RUF RT 12R (AWD, C-Spec, RWD, Track)
Ruf’s masterpiece is the last of the Porsches on this list, but it’s a bit of a Swiss Army Knife in that it comes as 4 cars in 1! The AWD and RWD cars boast a six-speed H-box with a toss-up between the more-powerful RWD and the more-agile AWD, whereas the C-Spec and Track cars carry six-speed sequential boxes. The C-spec is a bit of a halfway between the road and the top-line race-ready Track car, and each of the cars finds itself a bundle of fun in each unique way.
Skip Barber Formula 2000
Affectionately known as the “Skippy”, this 2-litre Open Wheeler relies more on the mechanical grip to produce its close racing. Car control is everything in this car and the key to the tight action that is made from darting around tracks like Lime Rock Park.
Tatuus Indy Pro 2000 PM18
The first of two Tatuus cars on this list, this is probably the last stepping stone before Indycar racing on the platform.
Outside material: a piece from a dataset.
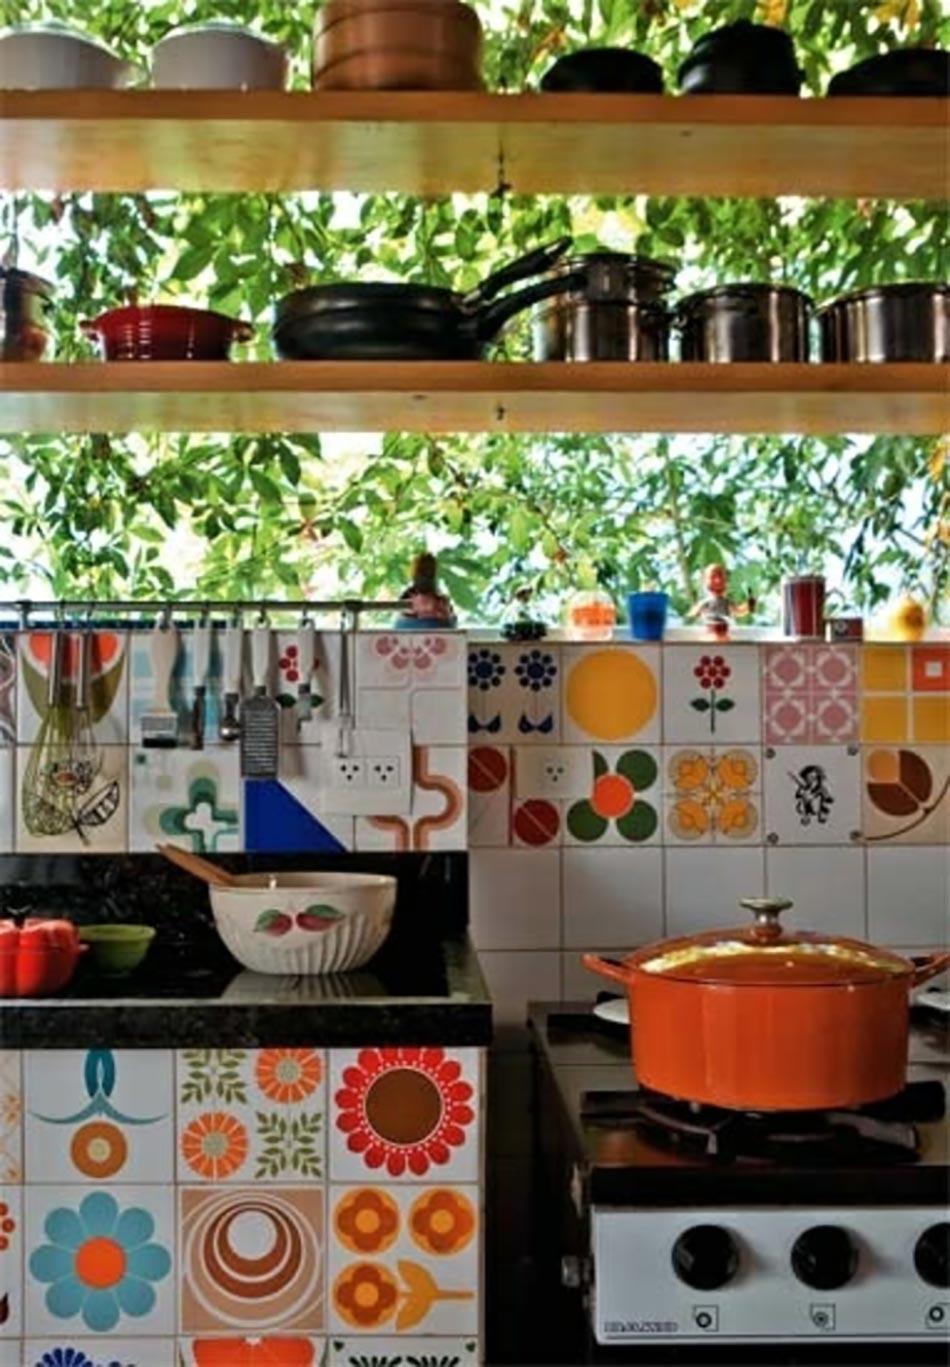 15 id es multicolores pour cr er une cuisine moderne l for Deco pour cuisine moderne

The 275-horsepower engine may be a bit lower than what you’d get from the IR-18, and the downforce might not be as potent, but it’s definitely a good way to hone the skills that you’ll need buckets of in the top-brass.
Tatuus USF17 2000
With more downforce compared to the “Skippy,” the engine doesn’t boast the same oomph as the PM18 but it can still catch you out. If you’re working your way up to Indycar after Rookies, this is the best next step complemented with the PM18.
The last current Road car on this list, the 2009 Formula One car doesn’t get much use anymore. Outside of Week 13, it’s not featured in any iRacing series. Still a ton of fun, and sometimes used in Leagues on the platform, it’s a loveable piece of mayhem from the time of screaming and high-revving V8s.
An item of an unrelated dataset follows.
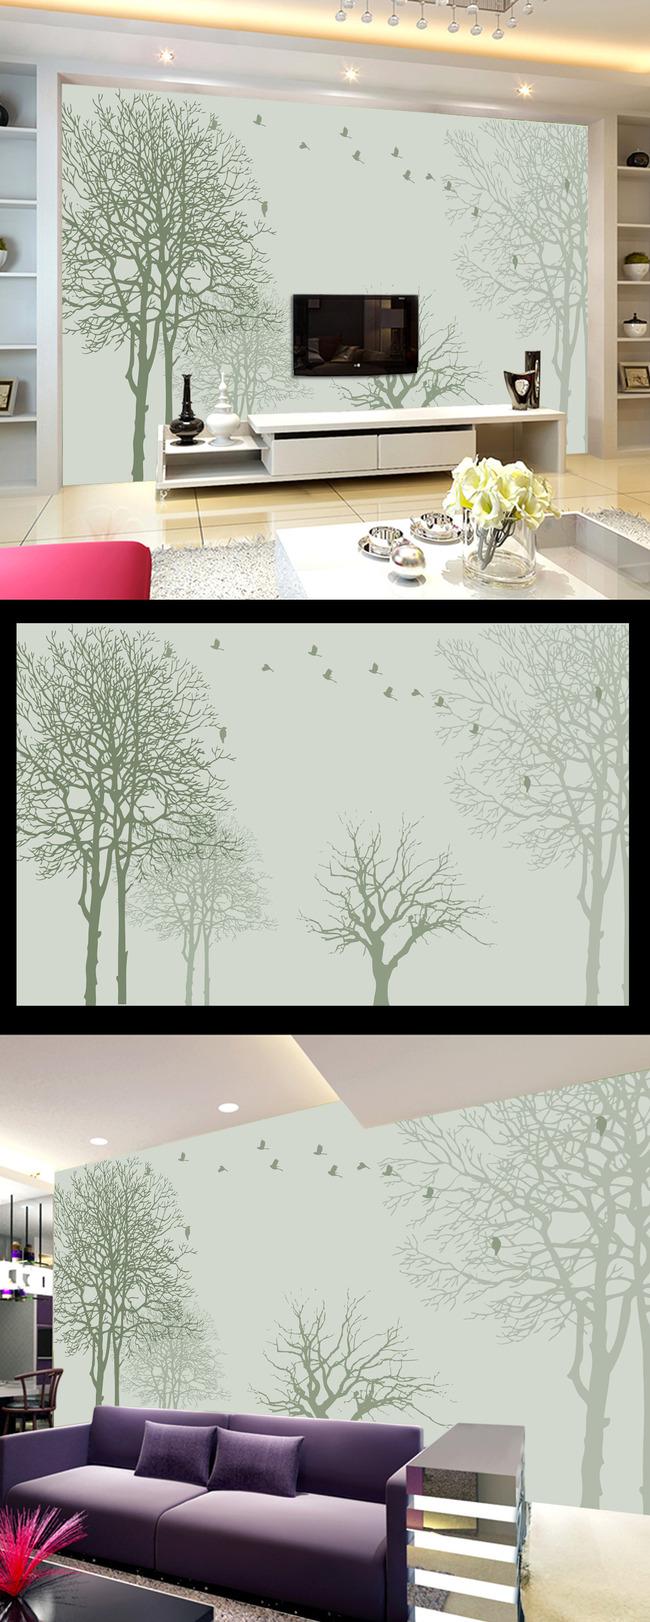 抽象树藤电视背景墙装饰画

Many cars that have massive Road followings are also Oval racers, such as the Dallara IR-18 and the Tatuus open-wheelers the Indy Pro 2000 PM18 and the USF17 2000. The vehicles on this list are Oval by design, however, they also sporadically race on Road courses.
NASCAR Cup Series Chevrolet Camaro
Nothing says American Muscle in the way that the Chevy Camaro does. The Cup Series version is the top dog at the moment in Camaro action, and while it handles the same as the other Cup cars it looks different.
Next Gen NASCAR Cup Series Chevrolet Camaro
These cars will be new-for-2022, with sequential 5-speed shifters and symmetrical bodywork. A lot of Ovals will now easily be flat-out, and whilst it’ll be easier to get up to speed in than the current-gen Cup cars that little bit extra means all the more difference.
NASCAR Xfinity Series Chevrolet Camaro
The Xfinity cars are slightly less powerful than their Cup counterparts, but I’d argue that the designs vary a lot more car-to-car. The Camaro is the stockiest of the three, looking a lot more squared-off than the other cars.
NASCAR ARCA Menards Chevrolet Impala
ARCA Brakes: two words that are enough to petrify any oval racer. They’re a lot of fun to race and can take a bit of a beating, but they crash. A lot. You can drive them on all kinds of Ovals, and even on the odd Road course as well. It’s time to enjoy some awesome stock car racing from the turn of the millennium!
NASCAR 1987 Chevrolet Monte Carlo
Do it for Dale! With the Monte Carlo, you can drive the same machinery Jr does in iRacing whilst also mimicking the Intimidator Sr. It’s a real beast to wrestle around the tracks, but it takes a proper beating to give it any real problems.
NASCAR Late Model Chevrolet Monte Carlo SS
Late Model racing is predominately on short ovals, which in most races will be more incident-filled than the speedways and superspeedways. A stepping-stone on the way up the NASCAR ladder, it’s a great way to get used to the heat of close-quarters stock car combat.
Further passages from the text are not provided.